Understanding the relationships between companies provides useful insights for anyone seeking an edge. Some opportunities include the following.
- Alpha Generation – Identify hidden relationships: e.g., shared board members, shell entities, or cross-holdings that precede market-moving events
- Compliance & Risk – Detect connected parties for regulatory risk or governance concerns (especially relevant in 13D activism or insider trades)
- Strategic Deal Intelligence – Map influence networks in M&A, fund holdings, and private equity ecosystems
- Competitive Intelligence – Visualize alliances, competitors, or supplier relationships from 10-K and other disclosures
- Analyst Efficiency – Replaces manual tracing of relationships across filings
- Edge – Very few retail or even mid-tier firms do relationship-level analysis of filings. Most tools focus on individual filings, not the web of connections across people, entities, and timing.
Company relationships are buried in SEC documents. SECeek uncovers the data and creates a graph of the network graph, where the nodes are the companies and an edge exists between related companies. A neighborhood of a given company consists of all the companies that are connected (i.e., reachable) from that company. Below is an example of a company neighborhood. The subject company is immediately related to six other companies and indirectly to 31 more.
We mapped the archipelago of neighborhoods (islands in the global neighborhood). At the time this article was written there were 535,406 individual companies and 131,899 neighborhoods. Unsurprisingly, many companies (24%) are not related to another company, i.e., single-node islands. On the other hand a whopping 36% of all companies (191,885) belong to one, very large neighborhood The table below summarizes the neighborhood sizes. It shows the neighborhood and how many. Additionally, the percentage of companies that are in those neighborhoods as well as the percentage of neighborhoods of the size.
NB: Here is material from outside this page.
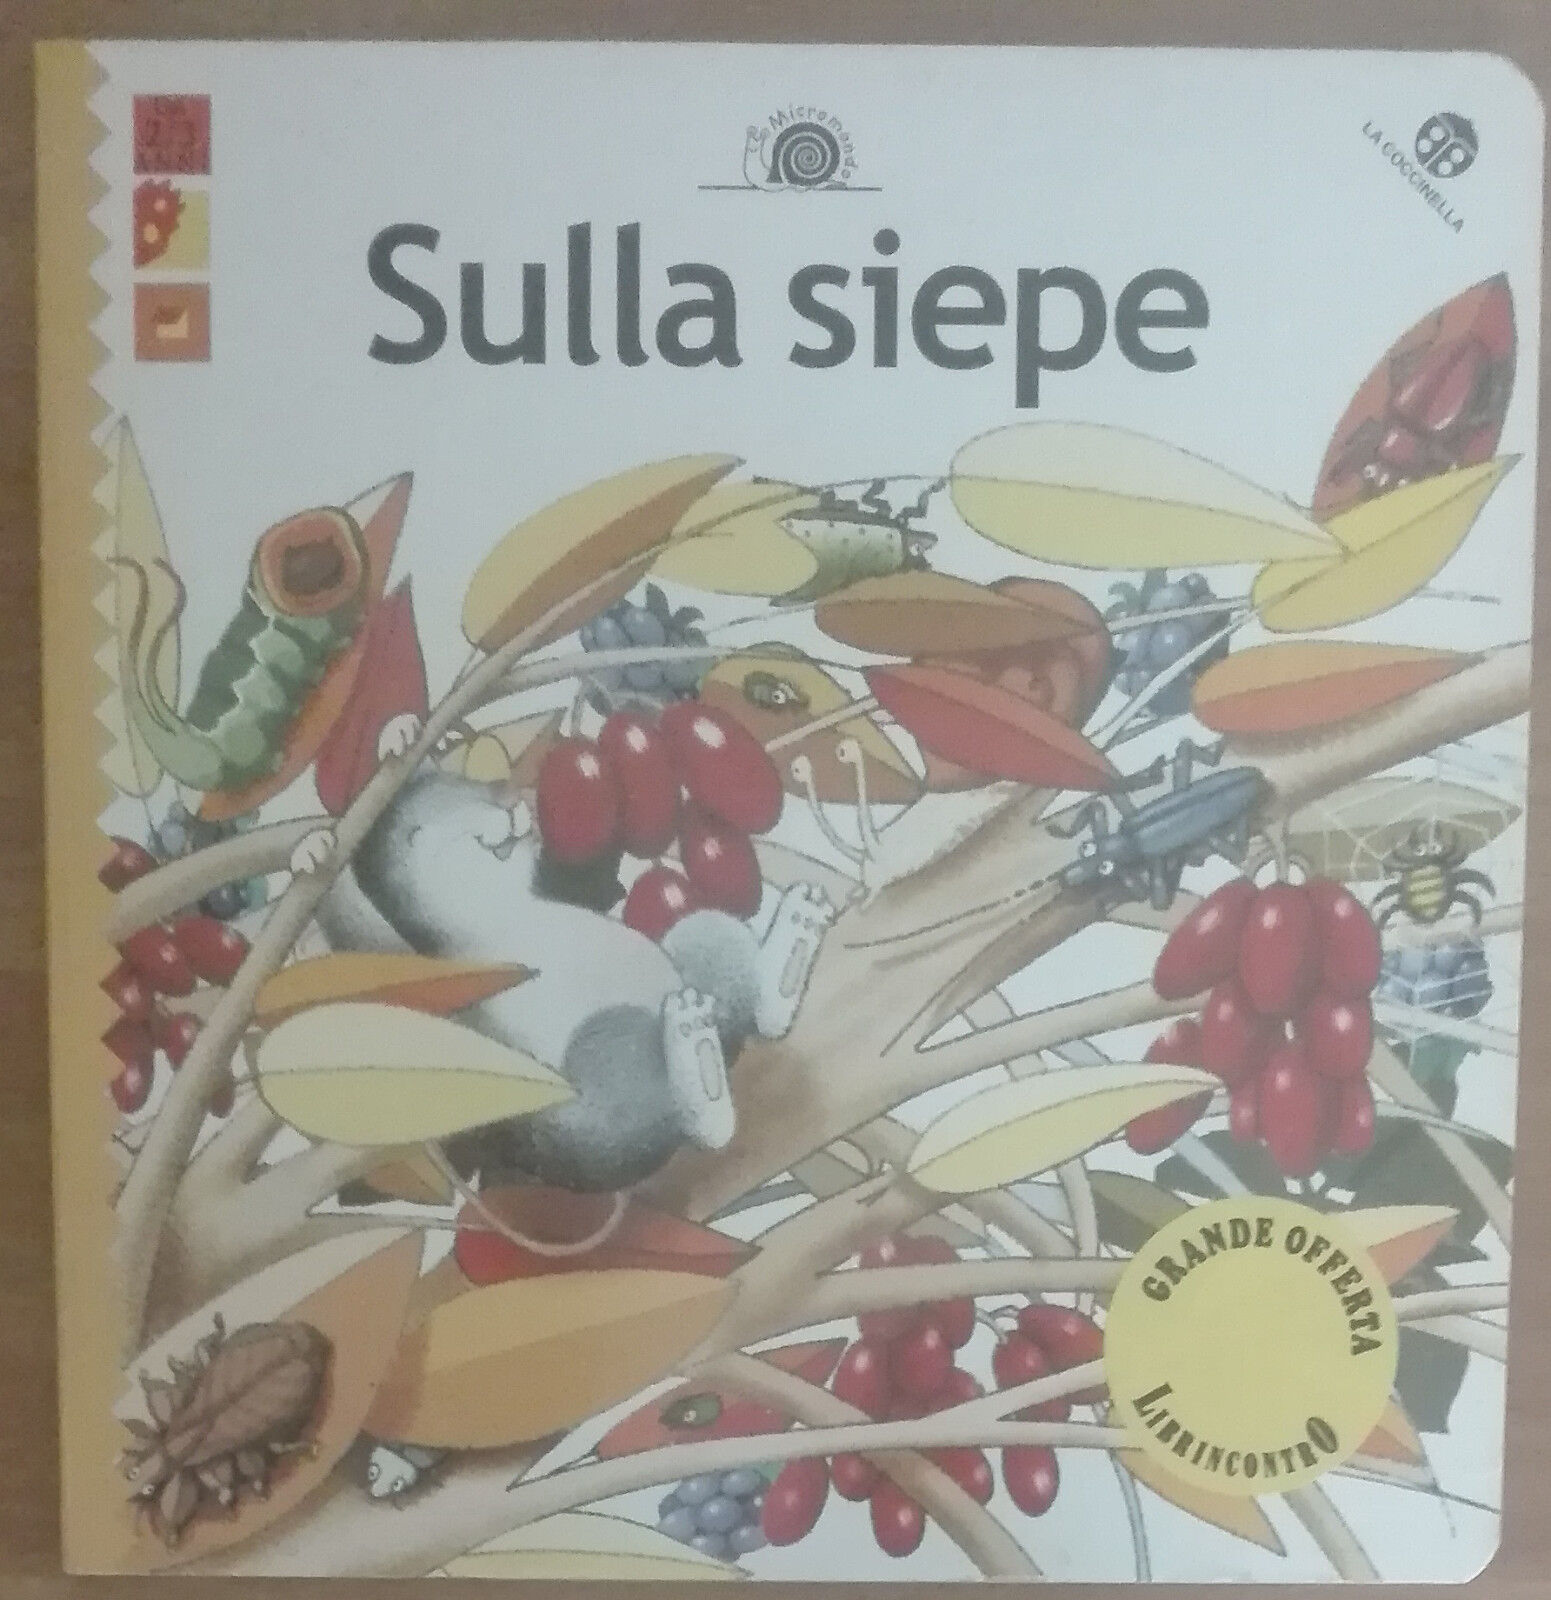 Sulla siepe - AA.VV. - La coccinella,2001 - A libro usato
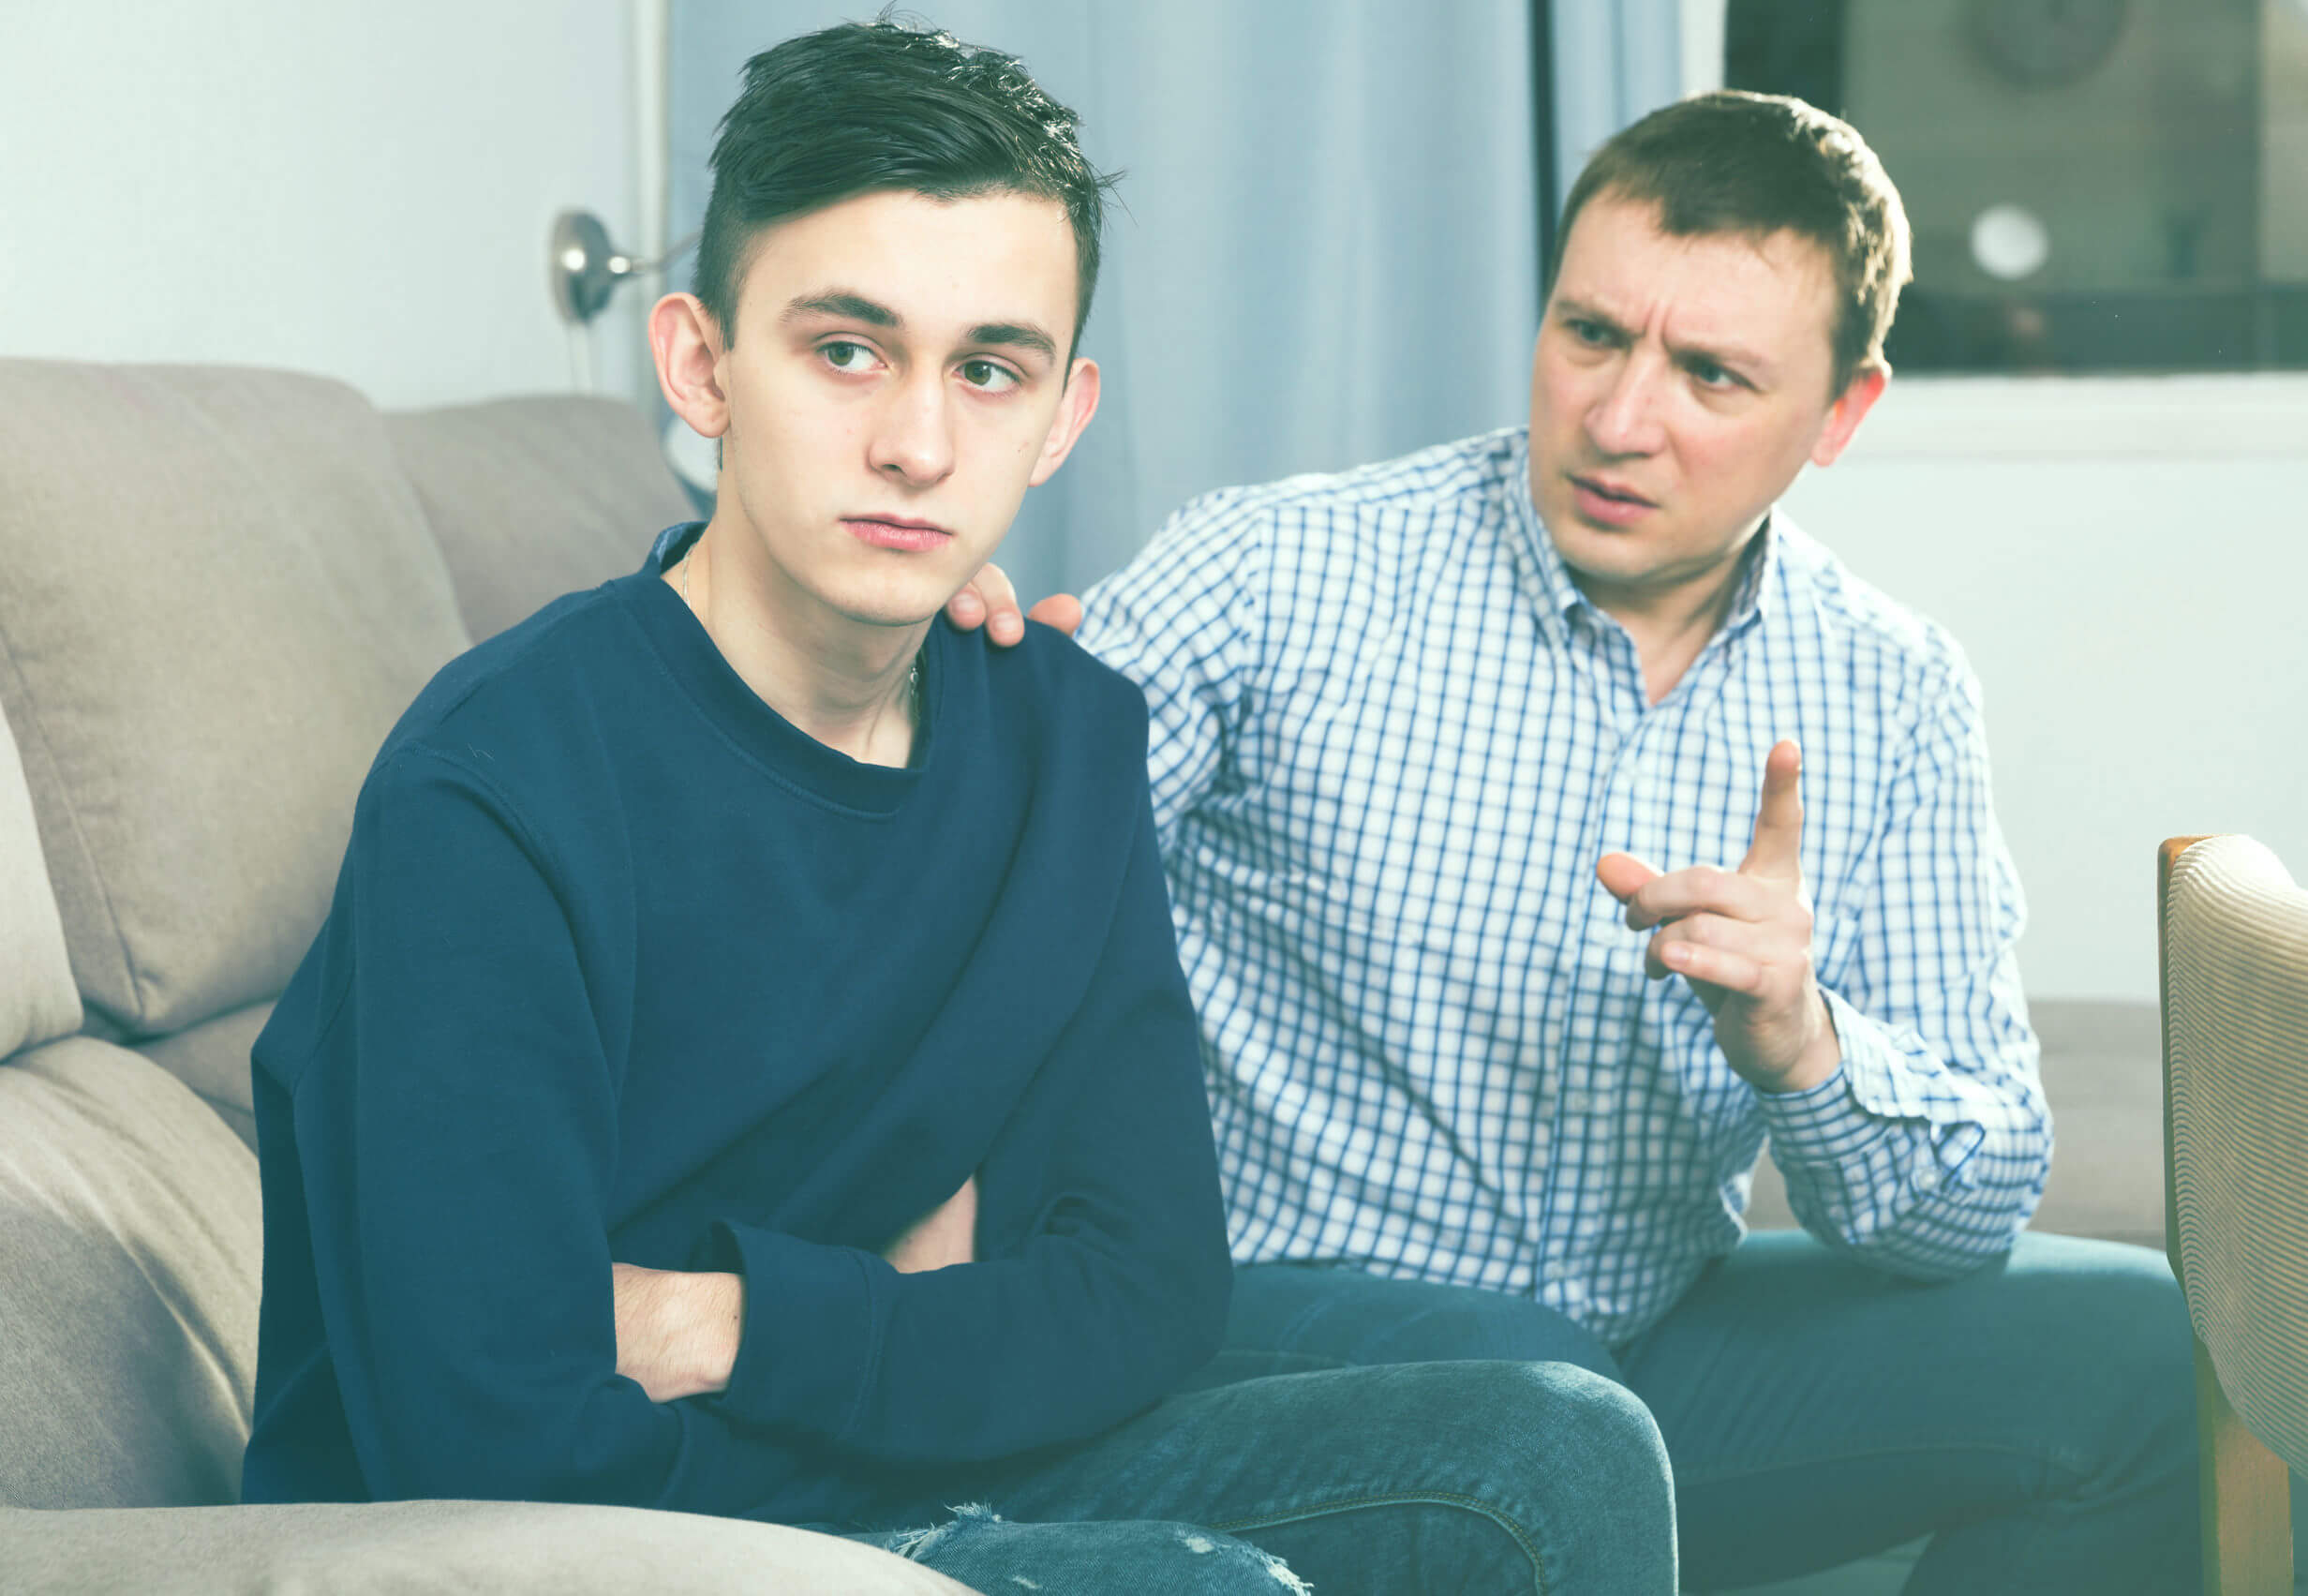 Padre hablando con su hijo sobre los problemas psicológicos en los adolescentes.

Neighborhood size | # of neighborhoods | Percentage of companies | Percentage of neighborhoods |
1 | 126879 | 23.7% | 96.2% |
2 | 3030 | 1.1% | 2.3% |
3 | 584 | 0.3% | 0.4% |
4-10 | 942 | 1.0% | 0.7% |
11-99 | 454 | 1.7% | 0.3% |
100-999 | 9 | 0.5% | 0.007% |
>1000 (ie, 191855) | 1 | 35.8% | 0.001% |
Each company has a set of immediate neighbors. One can deduce from the above table that 24% of all companies have no immediate neighbors. The table below shows the number of companies and the number of their immediate neighbors. For the most part the number of companies decreases monotonically as the neighborhood size increases. Two dozen companies have more than 800 immediate neighbors, the most connected has 948.
Immediate neighbors | # of companies | Percentage |
0 | 126,879 | 23.7% |
1 | 112,748 | 21.1% |
2 | 23,395 | 4.4% |
3 | 10,266 | 1.9% |
4 | 6,028 | 1.1% |
5 | 3,970 | 0.7% |
6 | 3,261 | 0.6% |
7 | 2,776 | 0.5% |
8 | 2,382 | 0.4% |
9 | 2,248 | 0.4% |
10 | 2,974 | 0.6% |
11-25 | 12,191 | 2.3% |
26-50 | 8,845 | 1.7% |
51-100 | 6,730 | 1.3% |
101-200 | 8,146 | 1.5% |
201-300 | 4,559 | 0.9% |
301-400 | 2,361 | 0.4% |
401-500 | 1,876 | 0.4% |
501-800 | 1,859 | 0.3% |
801-948 | 27 | 0.01% |
This investigation uncovers interesting and surprising data that we will be investigating in subsequent articles. We will look into the massive neighborhood of nearly 200 thousand companies. How are all these companies connected? What kind of companies have more than 800 relationships with others? Some relationships are more than a decade old. What does the neighborhood graph look like if you only consider connections in the last 10 years or 5 years?